Louth Mavericks
- Sport: American football
- Founded: 2012
- First season: 2014
- League: American Football Ireland
- Based in: Dundalk, County Louth
- Home ground: Mill Road, Dundalk R.F.C.
- Colours: Gold, Black, White
- Head coach: Ty Henry
- League titles: Shamrock Bowl - 2026 (XXXVIII); Harp Bowl - 2017 (IV), 2025 (X);
- Website: louthmavericks.com

= Louth Mavericks =

American football team in Dundalk, Ireland

The Louth Mavericks are an American football club located in Dundalk, County Louth, Ireland. Founded in 2012 and originally known as the Dundalk Mavericks, the team is a part of American Football Ireland (AFI) and play their home matches at Mill Road, the home ground of Dundalk R.F.C. As of 2026, the club compete in the AFI Premier Division.

==History==
The Louth Mavericks American football team was established in 2012 as the Dundalk Mavericks by a group of students at Dundalk Institute of Technology (DKIT).
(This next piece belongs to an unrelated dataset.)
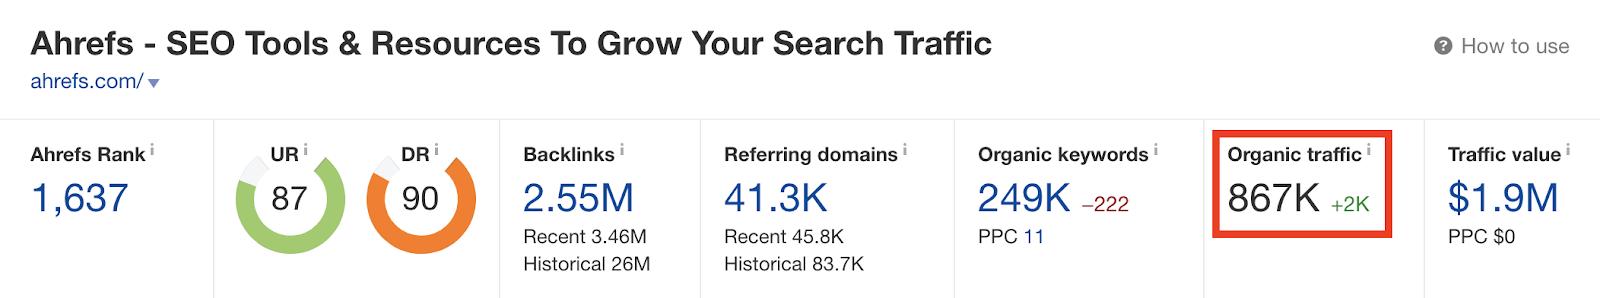 Ahrefs Organic Search Data

Initially formed as a college club, they soon transitioned into an independent team associated with DKIT.

After spending 2013 training, the Mavericks joined the Irish American Football League (IAFA) Division 2 in 2014, achieving a 4–2 record in their debut season and reaching the Bowl game, where they were narrowly defeated by the Tyrone Titans. In 2015, following the disbandment of the nearby Drogheda Lightning team, the club rebranded as the Louth Mavericks in order to expand their recruitment to the entire county. The team subsequently competed in the IAFA's Division 1.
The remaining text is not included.